With seven of their leaders now sitting in Prey Sar prison, as many as 20,000 Cambodia National Rescue Party supporters turned out to accompany Rainsy on his journey from Pochentong into the capital.

The day marked one year since Rainsy was greeted by an estimated 100,000 as he returned from almost four years of self-imposed exile shortly before last year's election.

Initially planning to march to Wat Phnom, where scores of riot police were stationed at nearby Freedom Park, the party changed tack at the last minute, instead going to its Meanchey district headquarters.

There, Rainsy promised broad talks aimed at ending the nearly yearlong political stalemate.

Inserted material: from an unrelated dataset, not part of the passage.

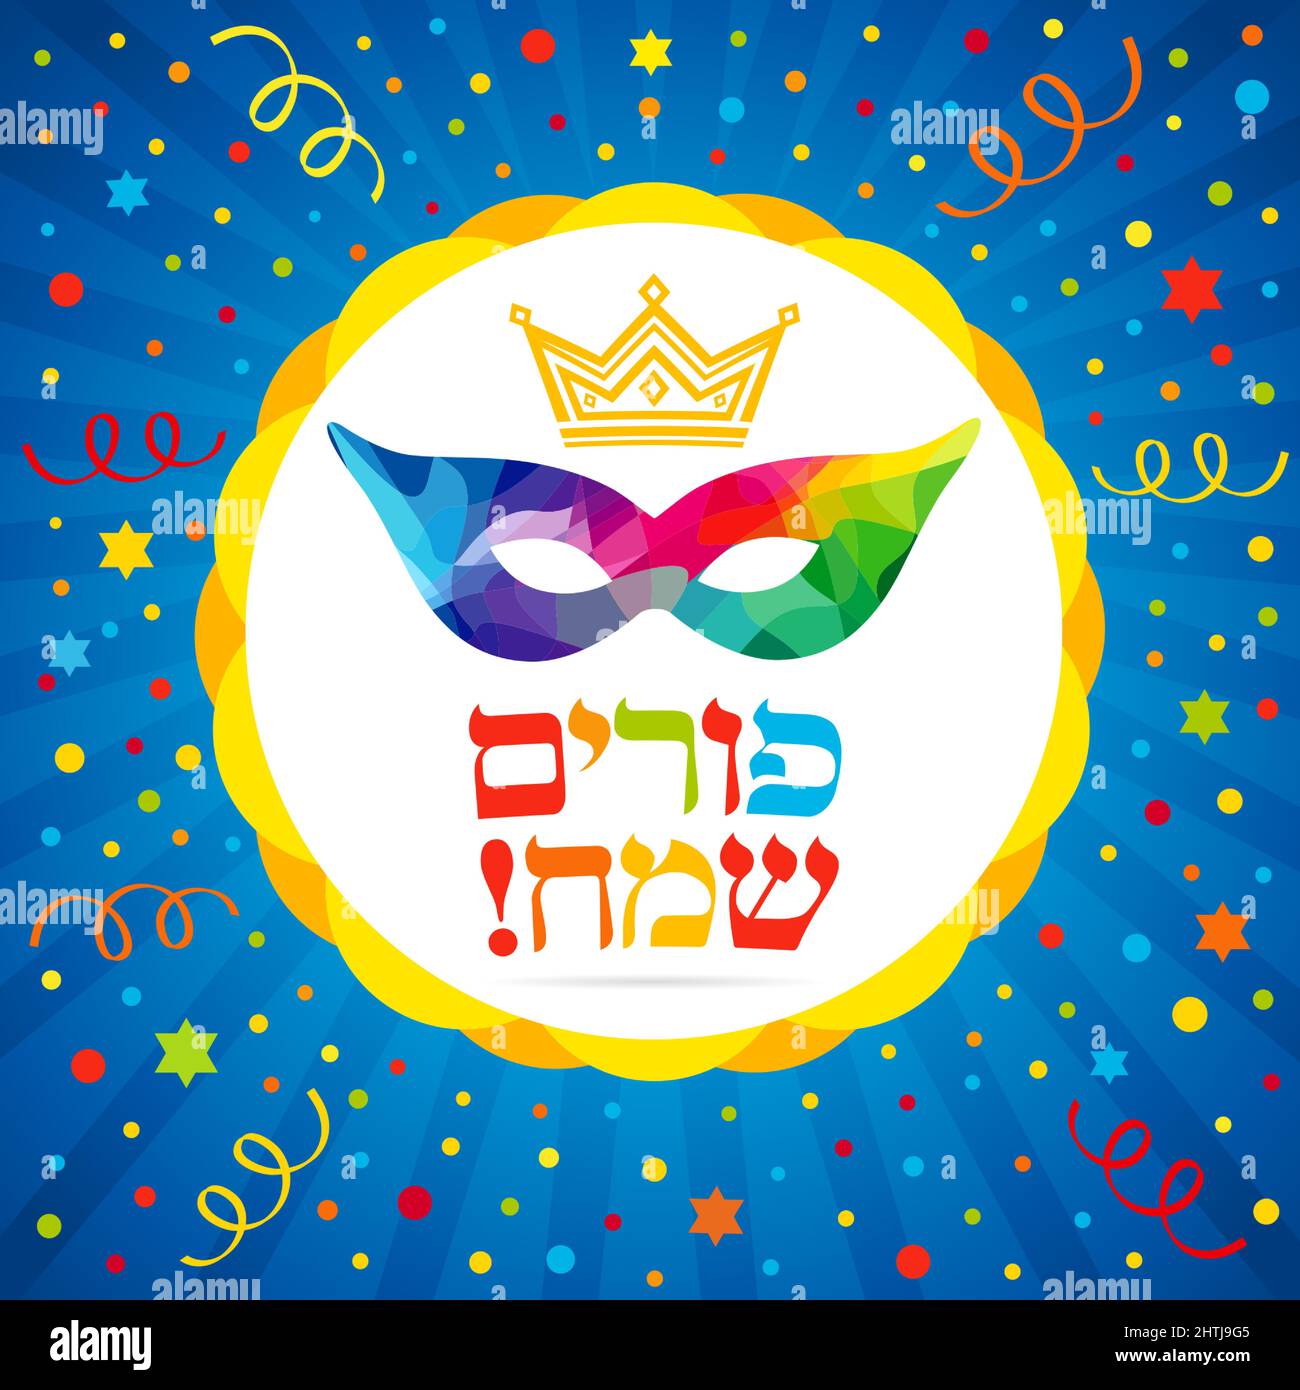 Happy purim congrats and colored confetti. Isolated abstract graphic design template. Happy Purim Jewish script, queen mask, colour backdrop, round lo Stock Vector

“I have come back to our country to solve the problem of the political deadlock. I am asking to have proper solution and we should start on Monday,” Rainsy told supporters.

Without calling him out by name, Rainsy hinted that talks should include Prime Minister Hun Sen, saying that only “one person” had the real power necessary to make a deal.

“There are only two solutions: first, is peaceful negotiations; second, is to fight. But we don't want to fight, we don't want our Khmer people's blood drained."

Seven lawmakers-elect, including senior party leaders Mu Sochua and Ho Vann, and a party activist face charges ranging from insurrection to incitement to violence related to a protest at Freedom Park on Tuesday

During the protest, several members of the notorious Daun Penh district security guards were severely beaten when CNRP supporters fought back against their advances.

Rights groups have decried the charges as baseless and called for the immediate release of the eight.

“Eyewitness accounts and video evidence from July 15 demonstrate that there is absolutely no evidence against the eight that could justify the charges,” Ath Sam Ath, technical coordinator for Licadho, said in a joint statement released by 24 local rights groups on Thursday.

CNRP deputy chief Kem Sokha is scheduled to appear at court for questioning on Friday.